PROBLEM DETAILS. Please, without any pictures, set down exactly the part of the listing below that opens with the line containing "بالصور اجمل الصور" and closes with the line containing "LOST & FOUND".
---------- DATA RECORDS ----------
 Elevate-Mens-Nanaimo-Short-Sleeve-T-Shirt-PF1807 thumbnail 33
----------
---------- DATA RECORDS ----------
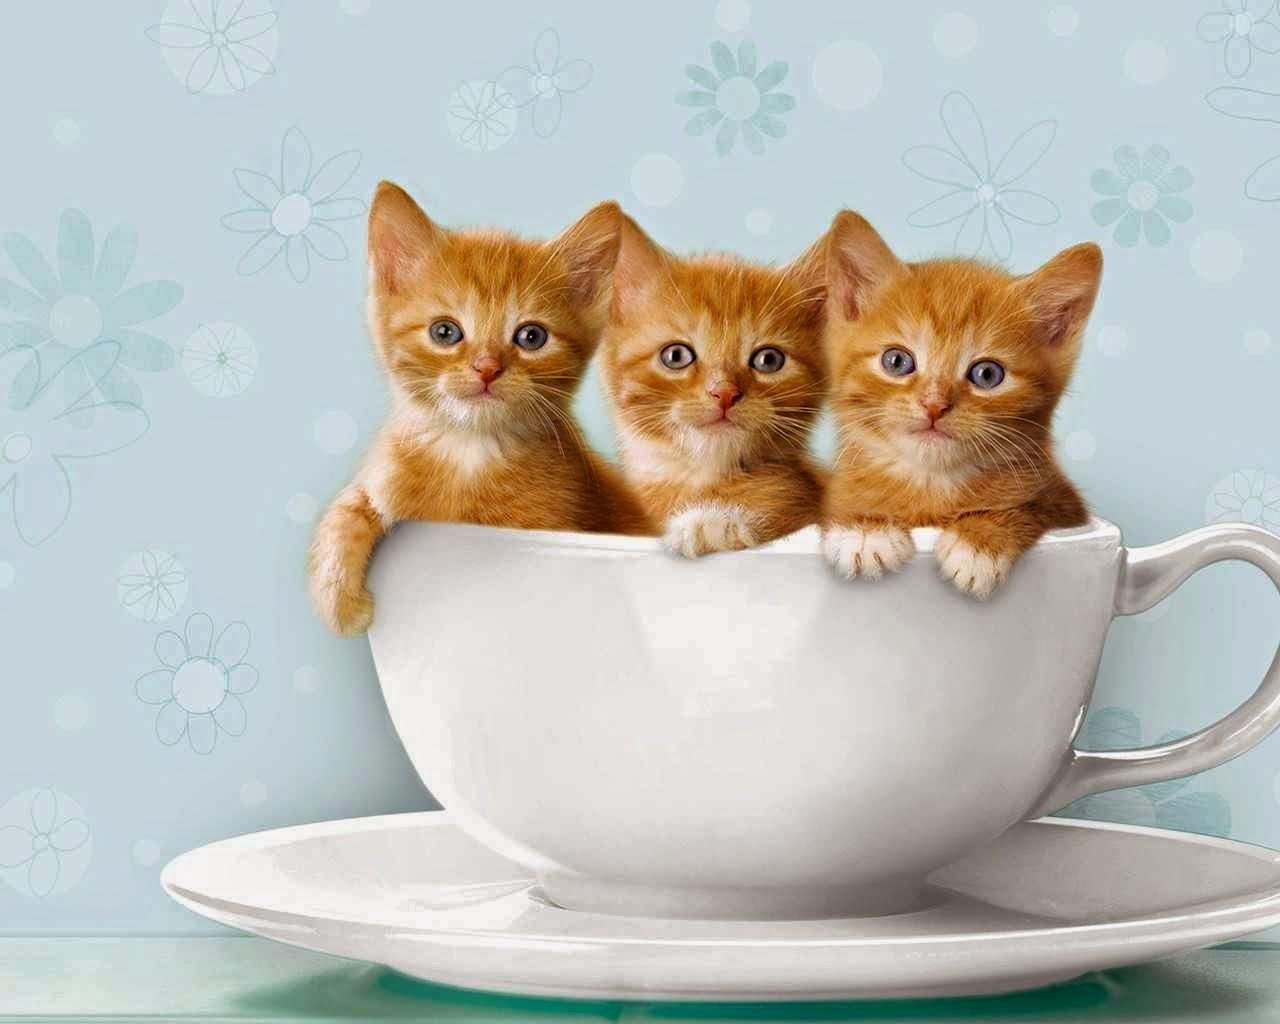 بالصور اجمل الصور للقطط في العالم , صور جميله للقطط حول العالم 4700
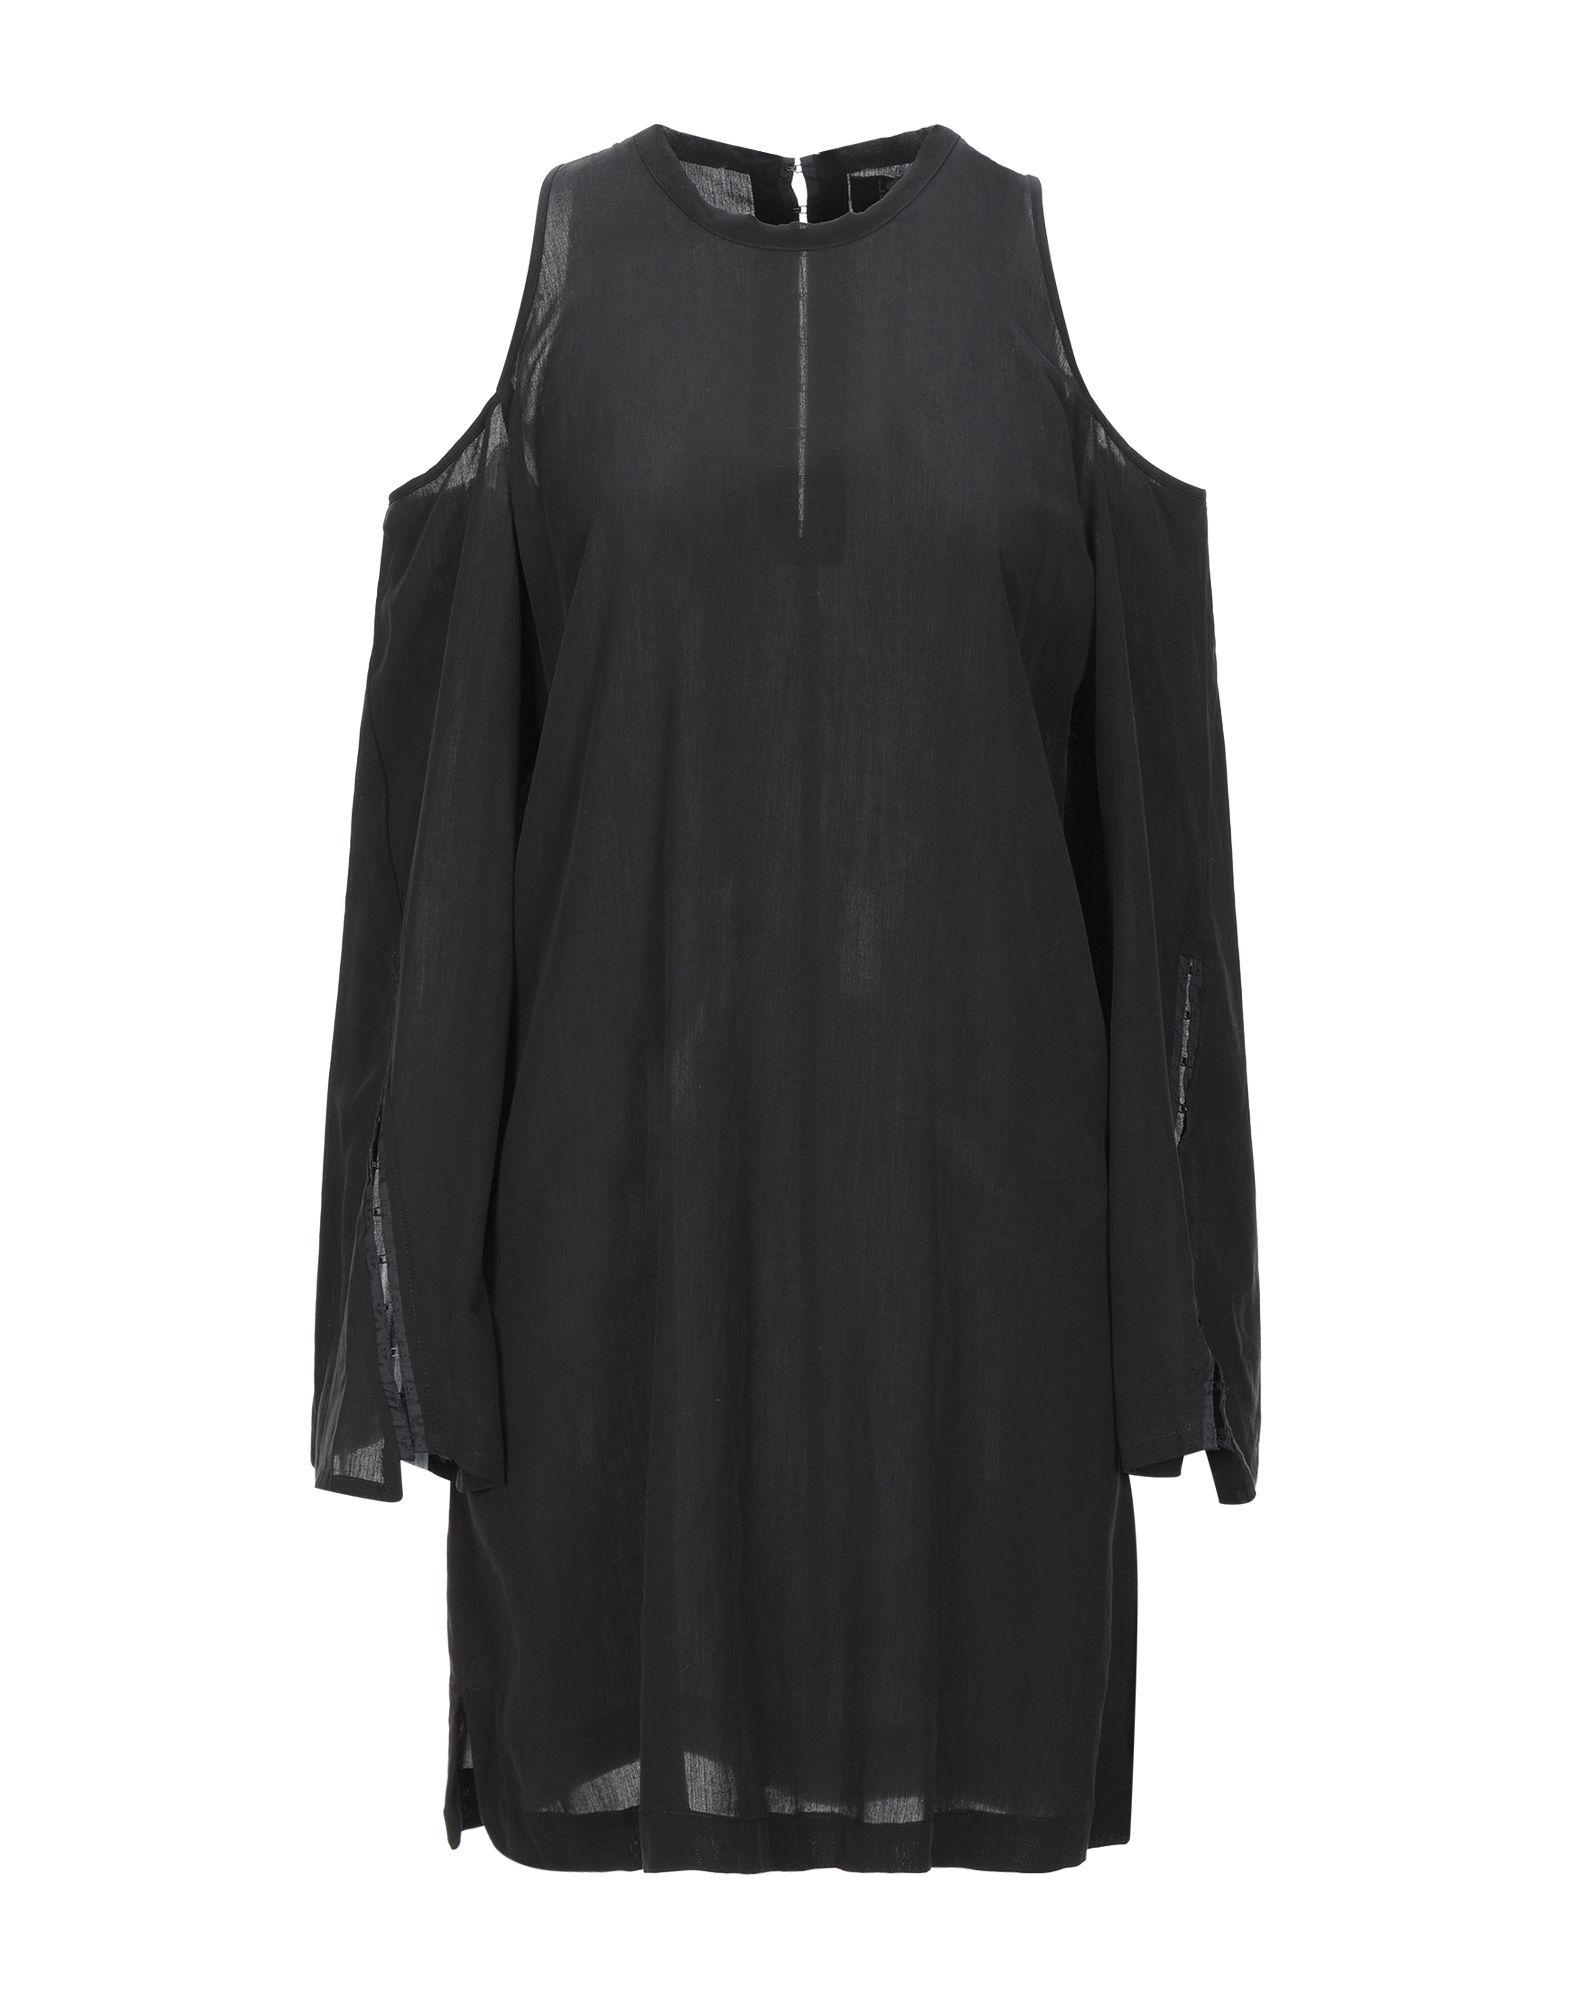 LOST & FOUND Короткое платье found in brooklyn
----------
---------- DATA RECORDS ----------
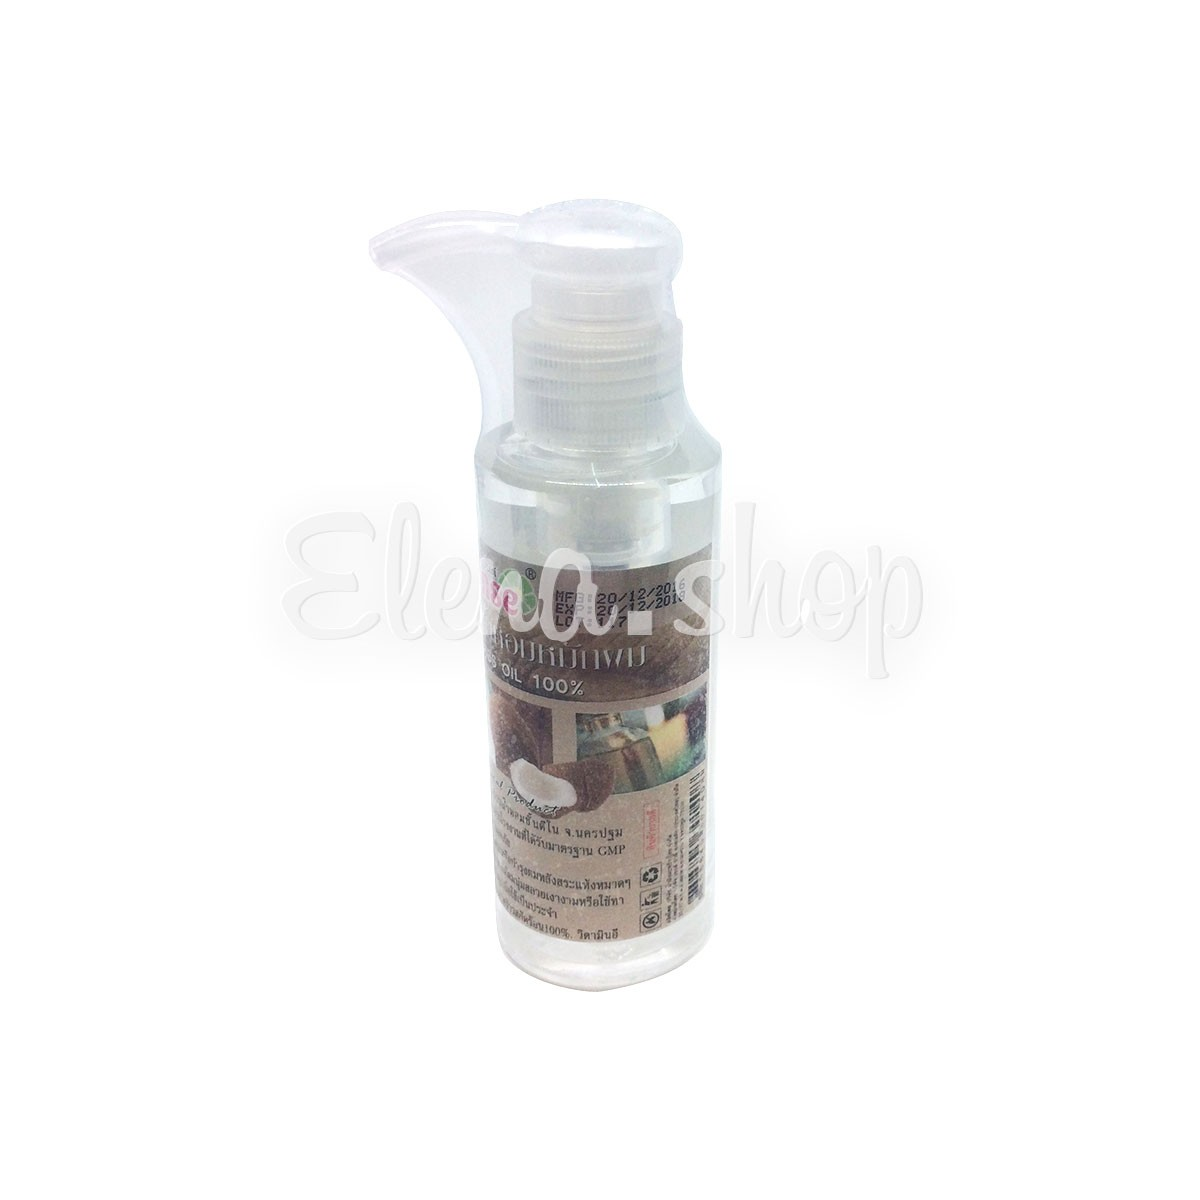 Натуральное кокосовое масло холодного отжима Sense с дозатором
----------
REPLY TO THE TASK.
 بالصور اجمل الصور للقطط في العالم , صور جميله للقطط حول العالم 4700
 LOST & FOUND Короткое платье found in brooklyn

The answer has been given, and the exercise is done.